# Anyone know where to get Lemond decals?



## vsantos720 (Mar 27, 2010)

I got the only Lemond decals I could find (from eBay), and I'm not really digging the black lettering with yellow outline. 

Hope someone has some kind of info on this.


----------



## 8toes (Feb 28, 2010)

Have you tried contacting Trek? There may be an outside chance that they have some they want to get rid of.


----------



## Andy69 (Jun 14, 2008)

8toes said:


> Have you tried contacting Trek? There may be an outside chance that they have some they want to get rid of.


I'm sure they burned those a long time ago


----------



## 8toes (Feb 28, 2010)

You're sure?


----------



## Dave Hickey (Jan 27, 2002)

http://shop.ebay.com/?_from=R40&_trksid=p3984.m38.l1313&_nkw=lemond+decals&_sacat=See-All-Categories


----------



## vsantos720 (Mar 27, 2010)

Those are the ones I got from eBay. Not really stoked about the yellow. 
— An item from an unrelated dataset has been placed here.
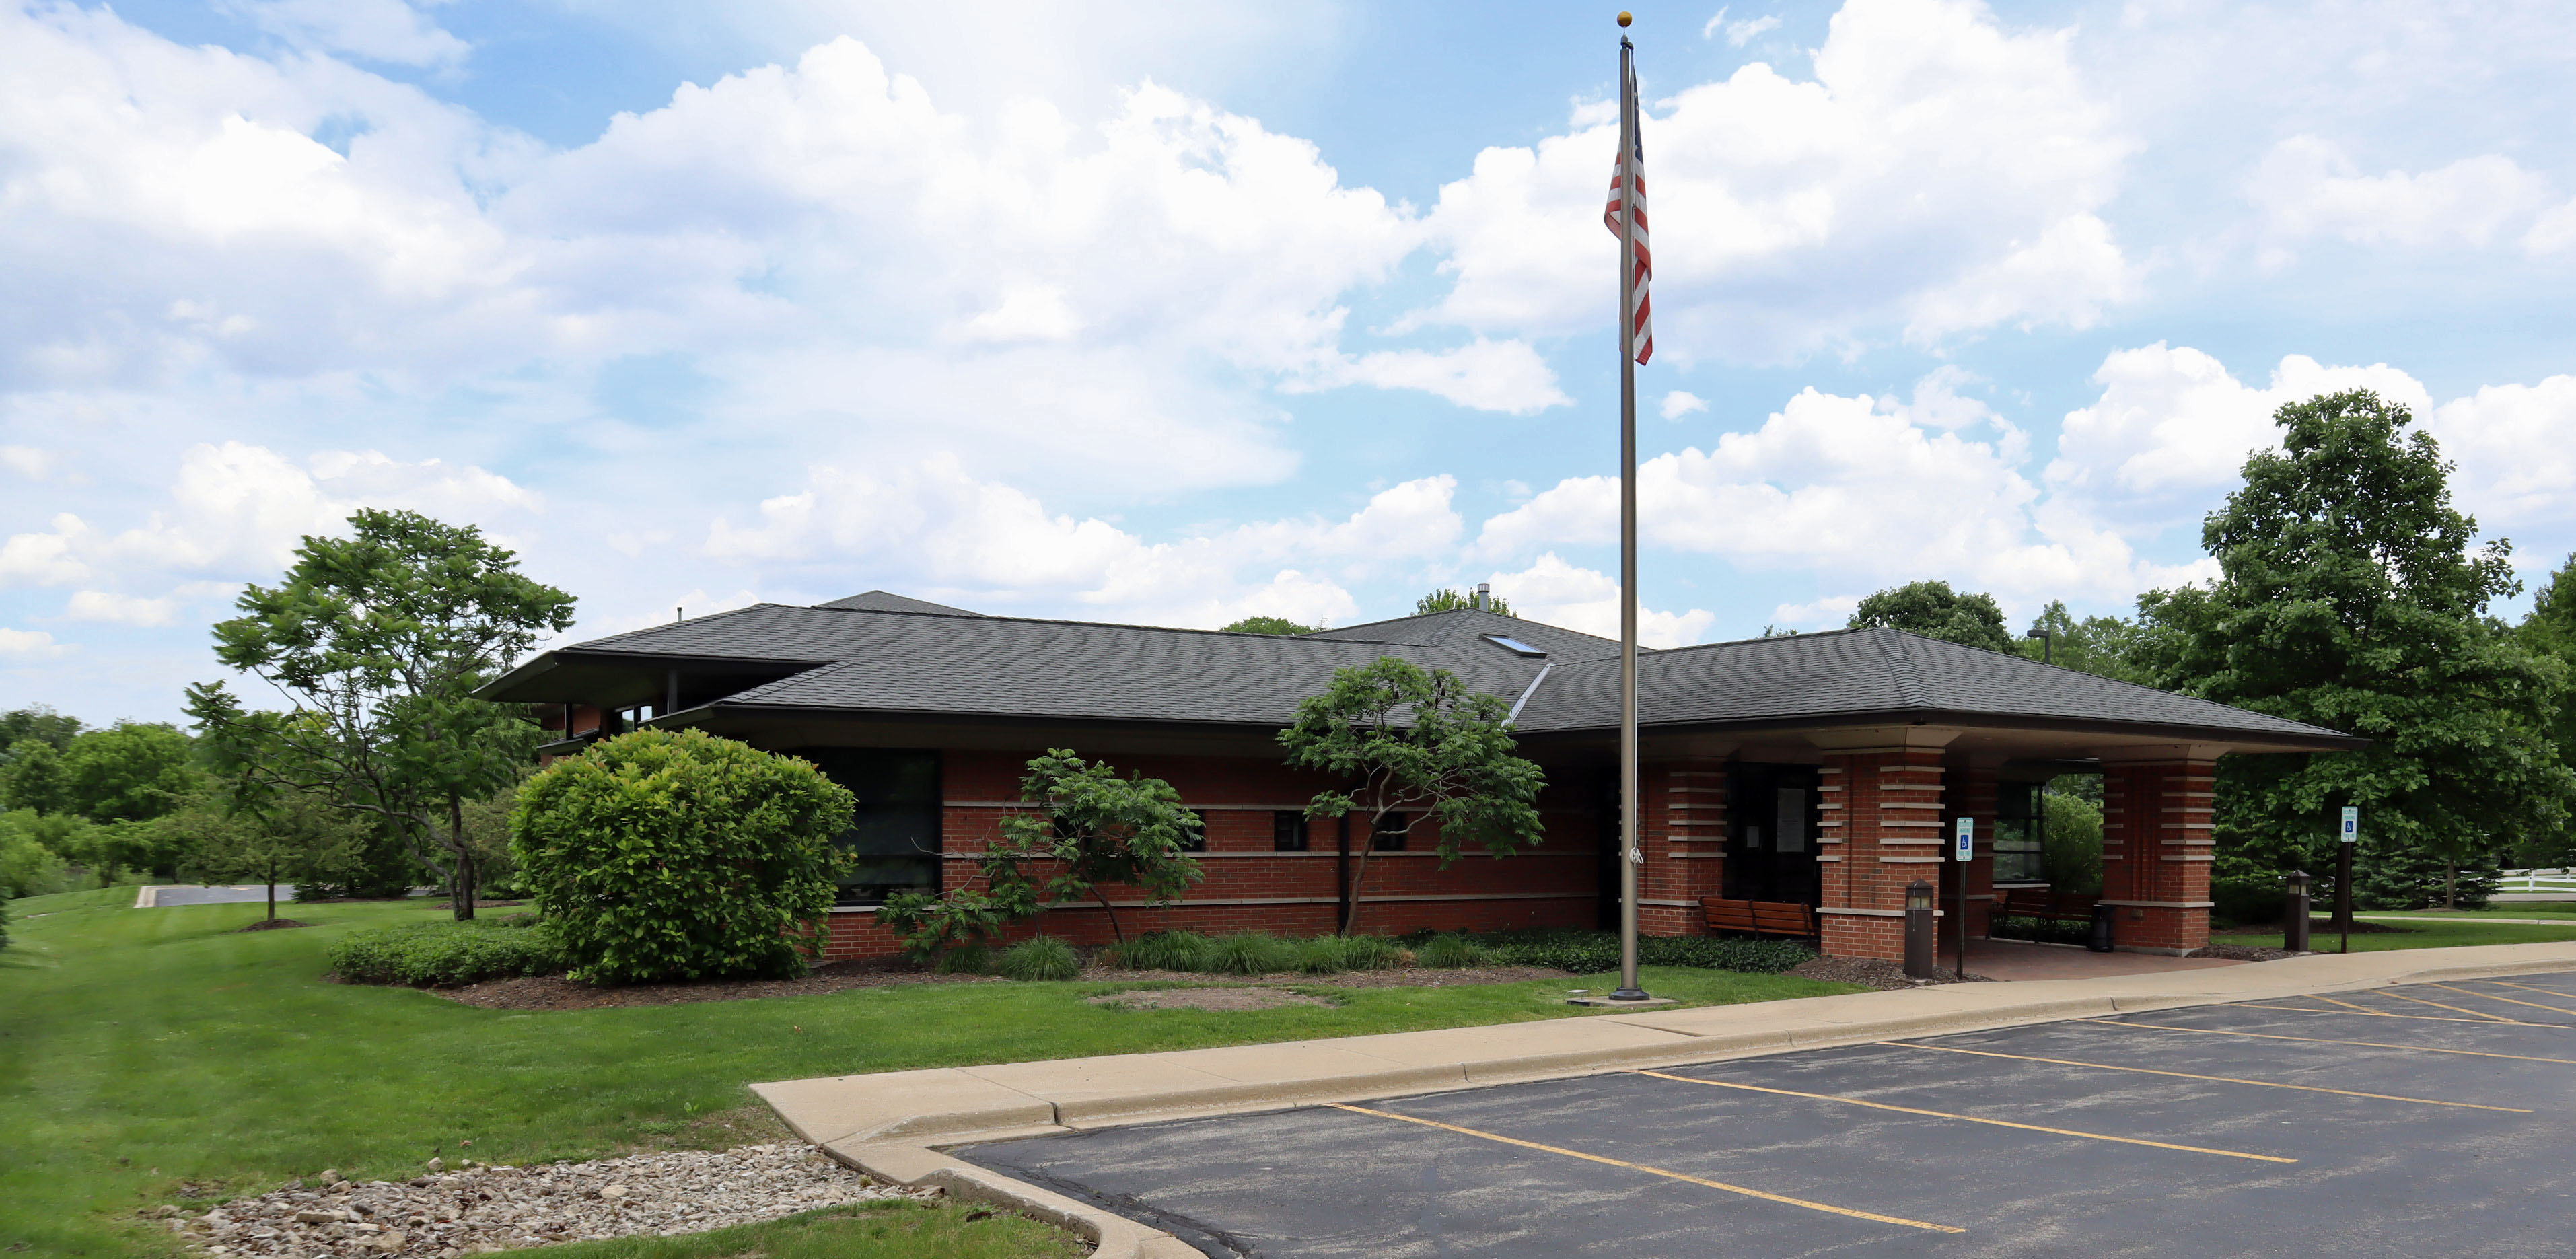 Commercial Site – 10,624 Sq. Ft. — 25700 W. Old Grand Ave., Ingleside, IL

I have yet to try Trek. It's worth a shot I guess, but I'm pretty sure they aren't still promoting Lemond, even if they did make the bike.


----------



## rock mafia (Aug 1, 2009)

Most sign shops can cut them for you. Take them the sticker you have, and they should be able to match the font. They can make them 2-tone by putting a smaller decal over a larger one. Might be a little thicker that the stock ones, but a decent shop can make any size/color you want.


----------



## 8toes (Feb 28, 2010)

rock mafia said:


> Most sign shops can cut them for you. Take them the sticker you have, and they should be able to match the font. They can make them 2-tone by putting a smaller decal over a larger one. Might be a little thicker that the stock ones, but a decent shop can make any size/color you want.
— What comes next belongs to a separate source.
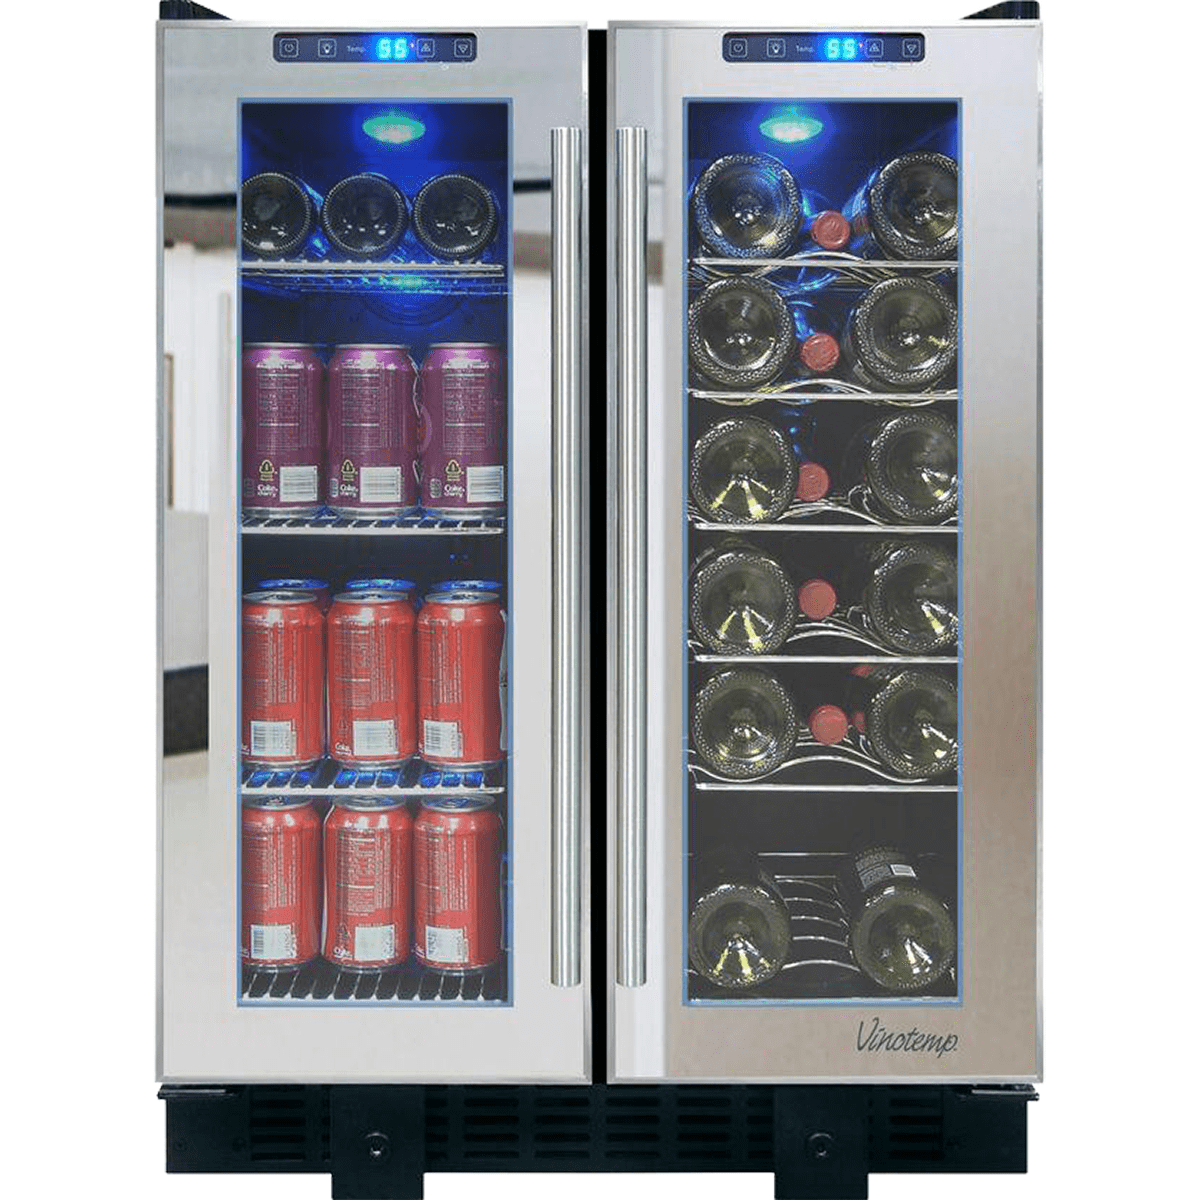 Vinotemp Touch Screen Mirrored Wine and Beverage Cooler (VT-36TS-SM)

Duhhh! I am surprised that I did not suggest this, since this is what our company does (I am a genius at promotion as you can tell). If you can get a copy of the label most graphic design firms can reproduce these for you.

Again I say...DUHHHHHH!!!

Good luck to you.


----------



## vsantos720 (Mar 27, 2010)

I guess the hardest part is getting the actual decal. I'm trying to find the newer script type font.


----------



## wvucyclist (Sep 6, 2007)

If you find the font, let me know. I had a croix de fer powder coated and it has the black on yellow, and I have a guy here, but I need to provide him with the font.


----------



## vsantos720 (Mar 27, 2010)

Update: I got a reply from Trek. They said they do not have any decals left. 

So now I'm going to search for a set of newer decals that I can have a shop copy.


----------



## snowgor (Apr 10, 2007)

how about a lemond cycling cap? I can't seem to locate one. any help out there?


----------



## vsantos720 (Mar 27, 2010)

There are a couple on eBay, but I'm not sure what exactly you want.

http://cgi.ebay.com/CYCLING-CAP-Ren...mQQptZAU_Cycling_Clothing?hash=item1c11bcd796

http://cgi.ebay.com/RETRO-Z-TEAM-CY...mQQptZAU_Cycling_Clothing?hash=item2a0289fa89


----------



## ryanv09 (Jan 19, 2009)

My family used to run a sign shop and any decent one should be able to make some decals for you. If you bring them some pics of what you want they can take it from there as far as colors, etc. Hope this helps....just curious what do you need them for?


----------



## vsantos720 (Mar 27, 2010)

Everyone I've talked to, would like a one to one copy for dimensions of the decals. 

I recently had my 2004 Buenos Aires (pulled it out of the trash), reapinted from the silver to white. The silver paint was chipping and surface rust was developing on the steel. The carbon clear was beginning to peel. So now I have everything painted and a new clear. 

I put on the only Lemond decals I could find from eBay. They are black with a yellow outline in the old school Lemond font. I'm not digging it much. I like the script decals much better, and I'm not a huge fan of the yellow.

I'll post a picture of the bike in the post your Lemond thread later today.


----------